* [GIVEN DATA]
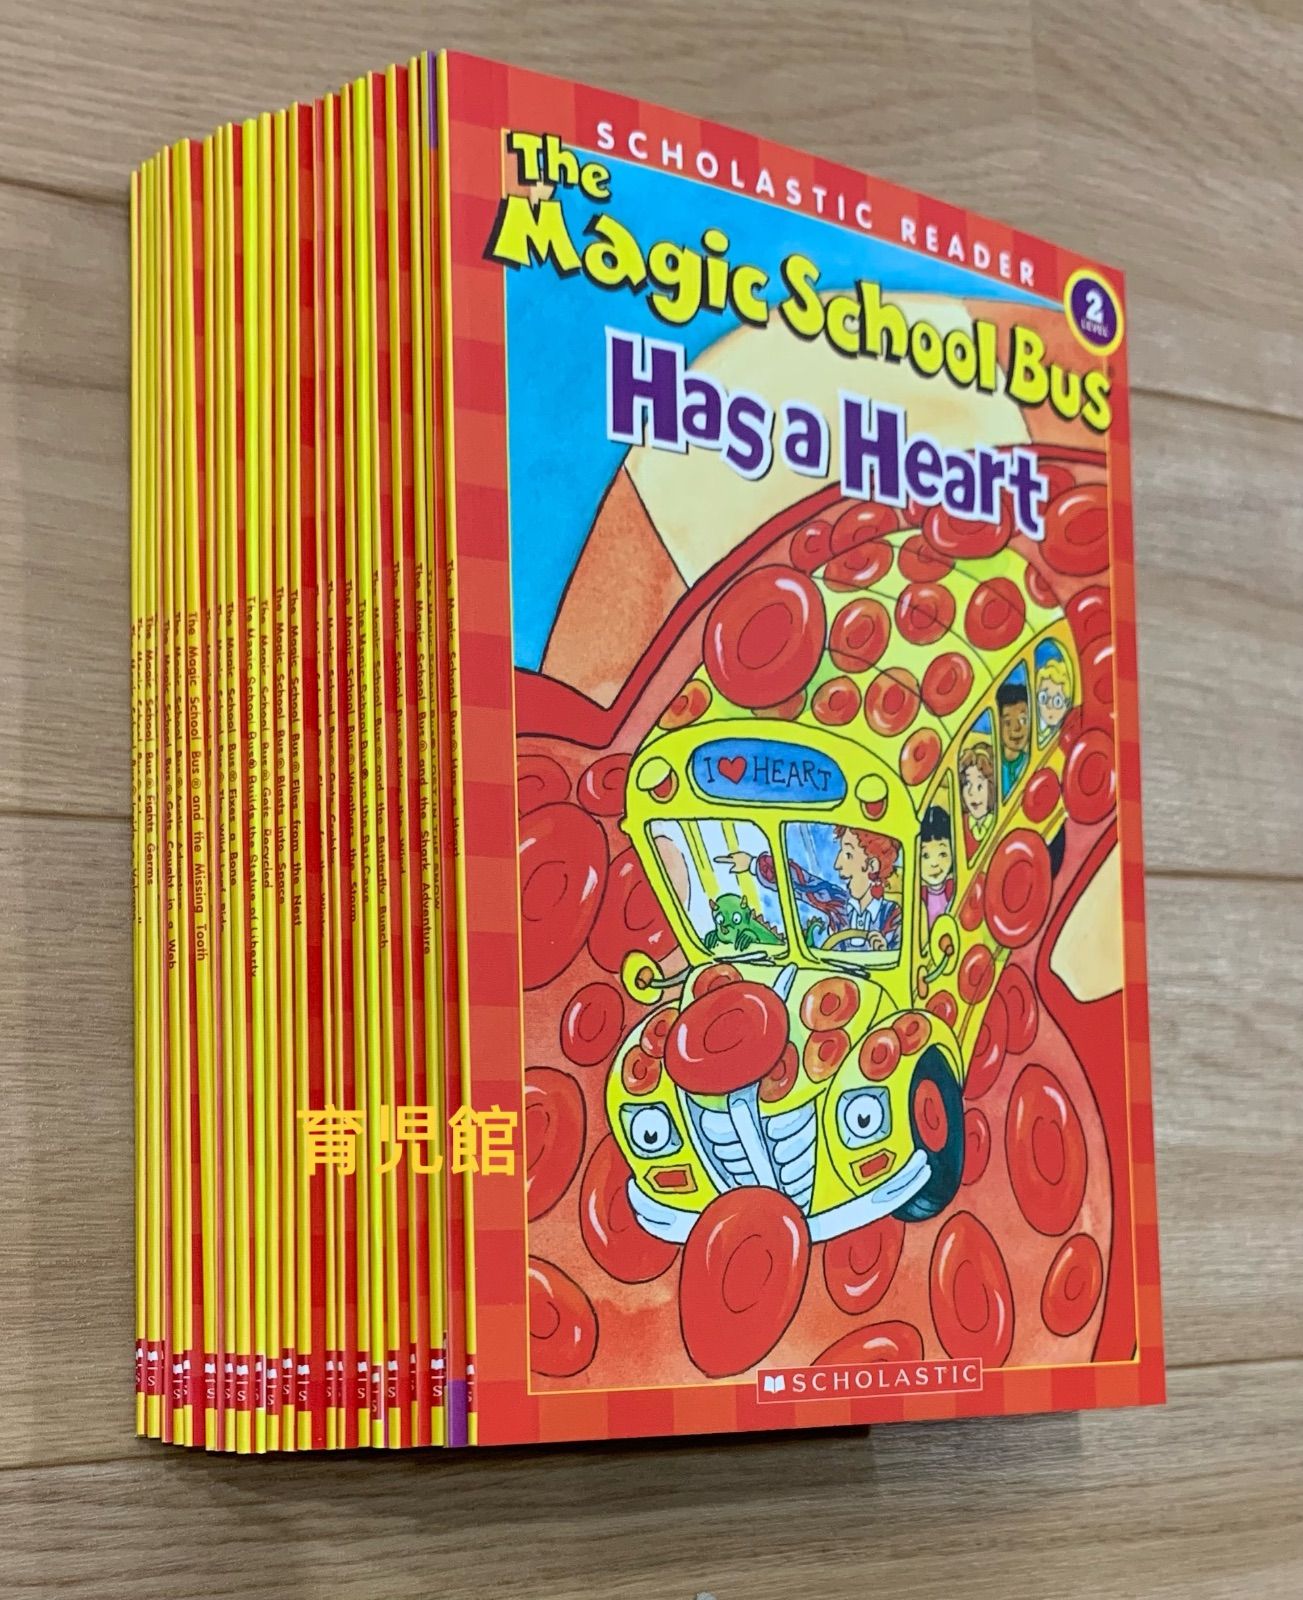 The Magic School Bus 23冊 全冊音源付最新版マイヤペン対応 - メルカリ
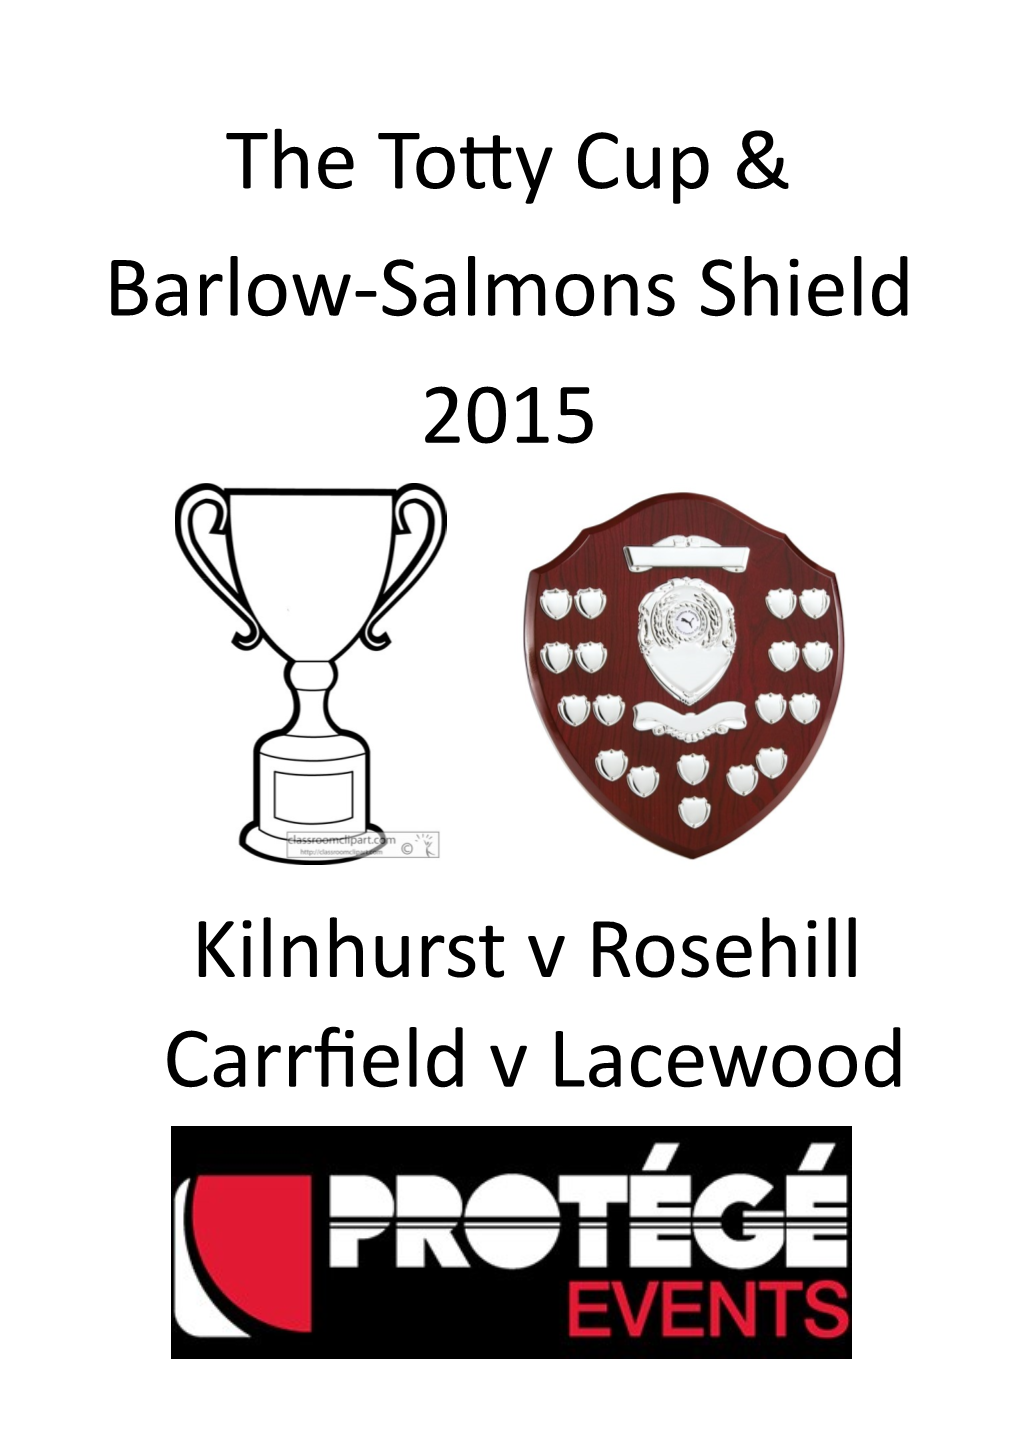 The Totty Cup & Barlow-Salmons Shield 2015 Kilnhurst V Rosehill
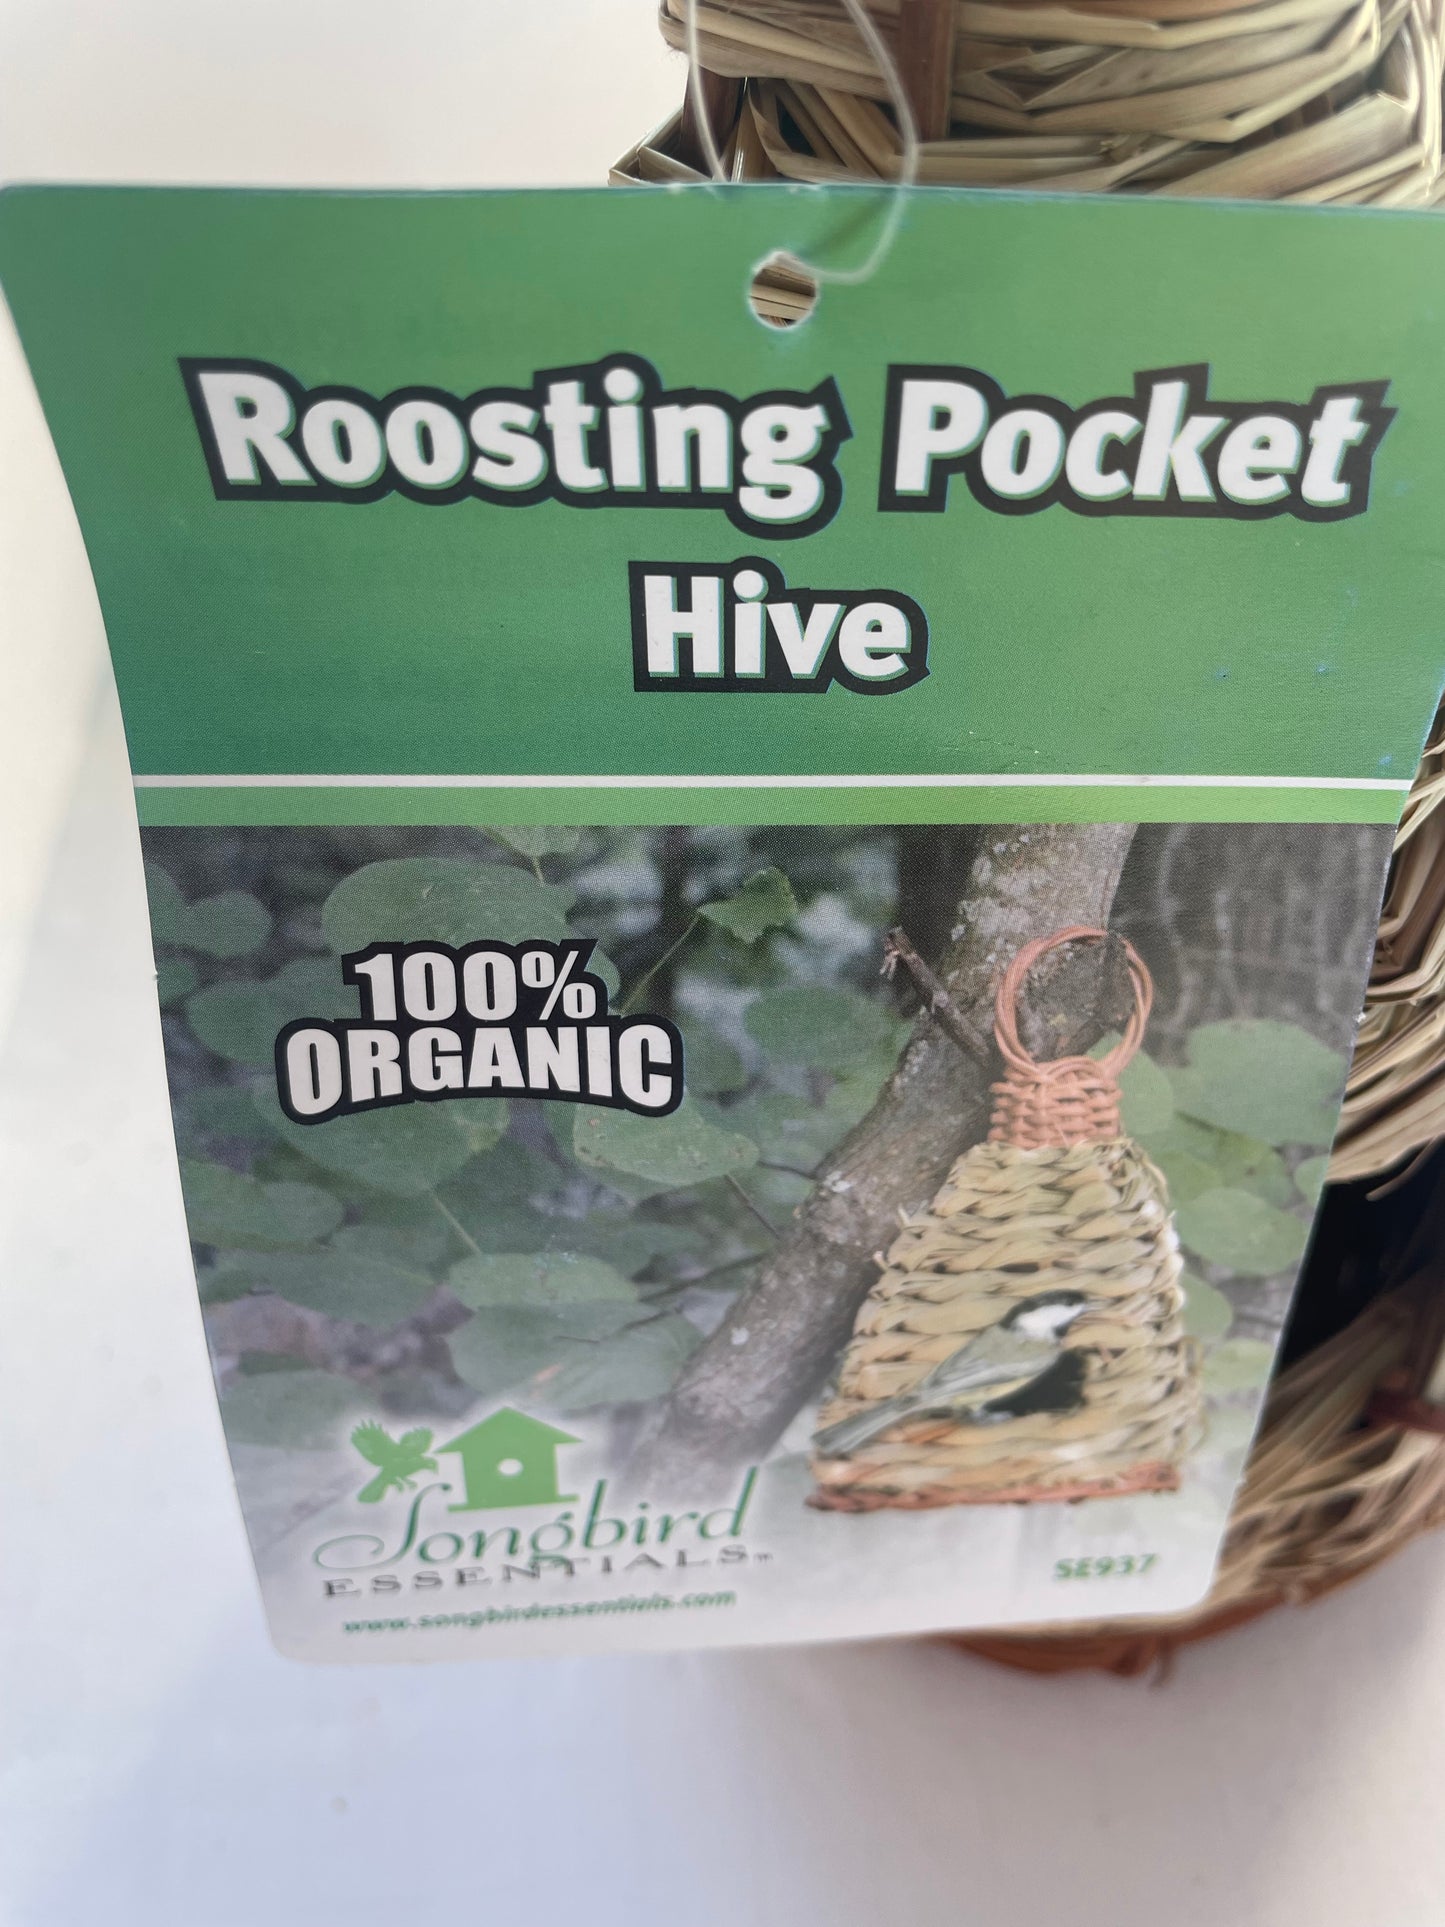 Roosting Pocket Hive
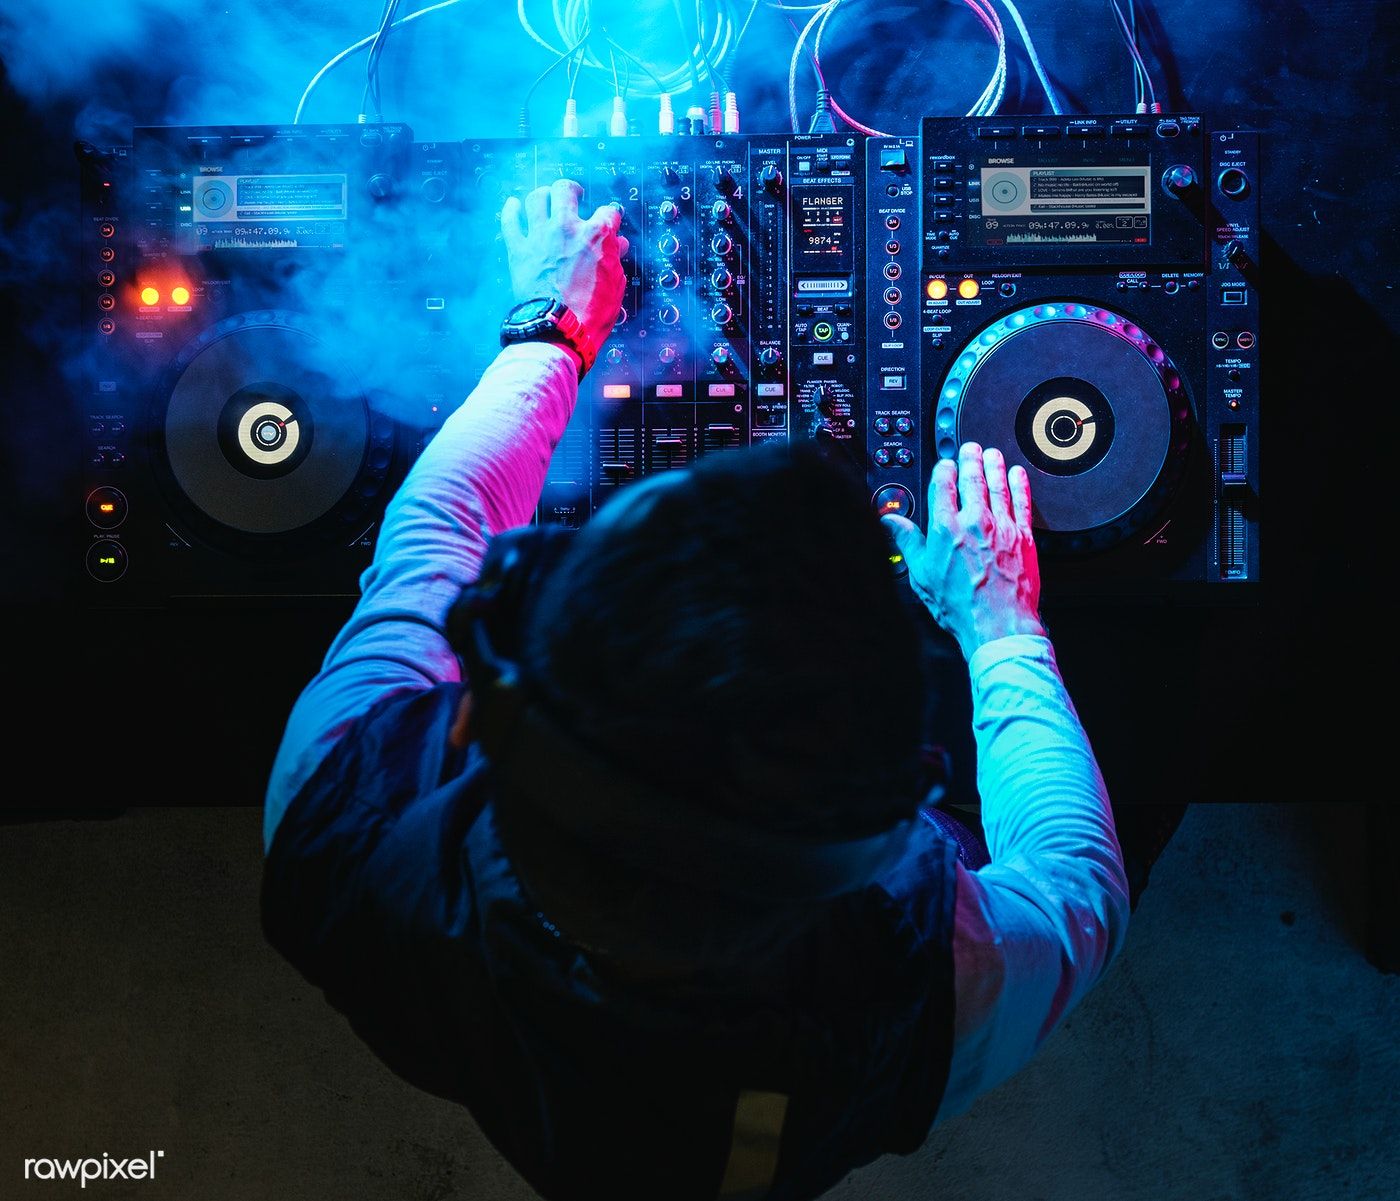 Download premium image of DJ is on a mixer station about dj, mixer, audio, buttons, and clubbing 51850. Dj photo, Dj setup, Dj

* [WHAT THIS TASK INVOLVES]
Nothing but the lines from the one containing "Roosting Pocket Hive" through the end of the listing should be written out, each exactly, and pictures must be left out.

* [YOUR RESPONSE]
 Roosting Pocket Hive
 Download premium image of DJ is on a mixer station about dj, mixer, audio, buttons, and clubbing 51850. Dj photo, Dj setup, Dj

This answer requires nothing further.